Никто из них не собирался пожимать ему руку. В ответ на улыбку Геринга один из солдат толкнул его прикладом в жирный бок, а другой, сплюнув на дорогу, кратко ответил, но словами, которые на языках всех народов считаются нецензурными...

Случай в горах

Через две недели после поимки Геринга в том же районе, неподалеку от Берхтесгадена, по живописной горной дороге мчался джип с четырьмя американскими летчиками.

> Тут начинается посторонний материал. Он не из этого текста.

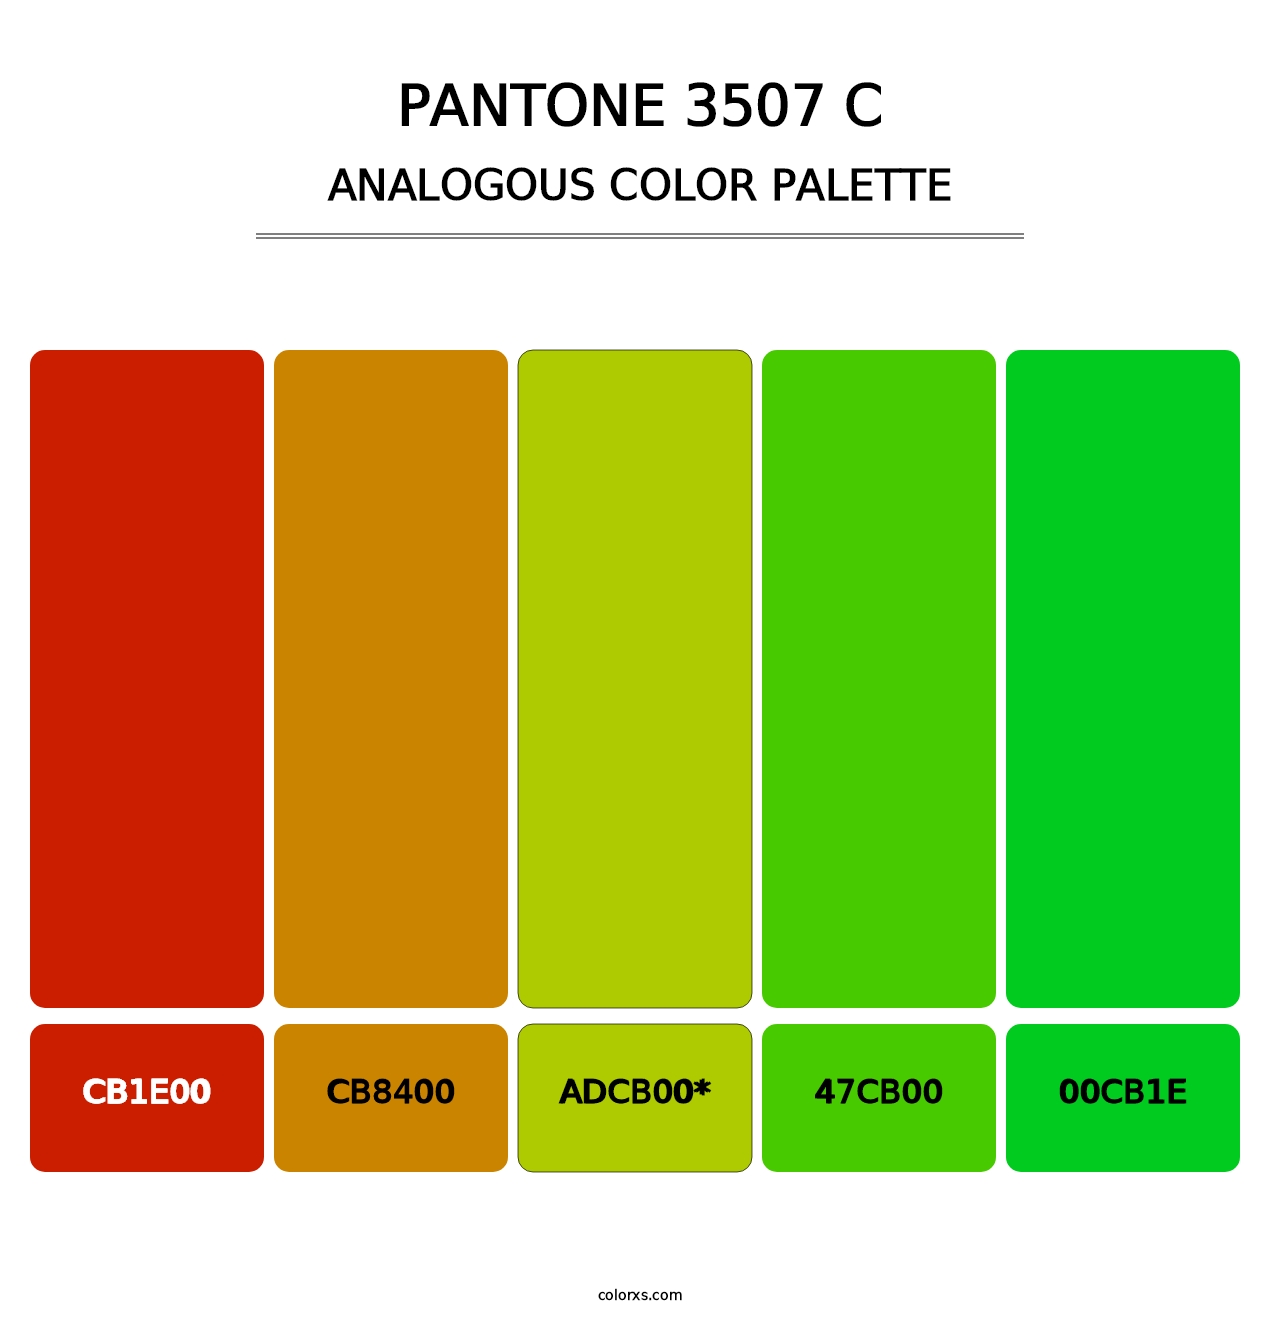 PANTONE 3507 C - Analogous Color Palette

Был чудный майский день. Солнце нагрело воздух, высокие сосны, тянувшиеся вдоль дороги, купались в его лучах, и кора их отливала желтоватым янтарным блеском. С гор тянуло ветром. Он приносил из глубоких распадков и ущелий, покрытых зеленым бархатом лесов, запахи земли, цветов.

Сидевший рядом с шофером майор Генри Блит, сняв фуражку, разрешал ветру трепать во все стороны его темные волосы, обдувать лицо и грудь. Он мечтал вслух о том, как хорошо было бы приехать в этот тихий горный уголок, чтобы в мирное время провести здесь отпуск с женой и детьми.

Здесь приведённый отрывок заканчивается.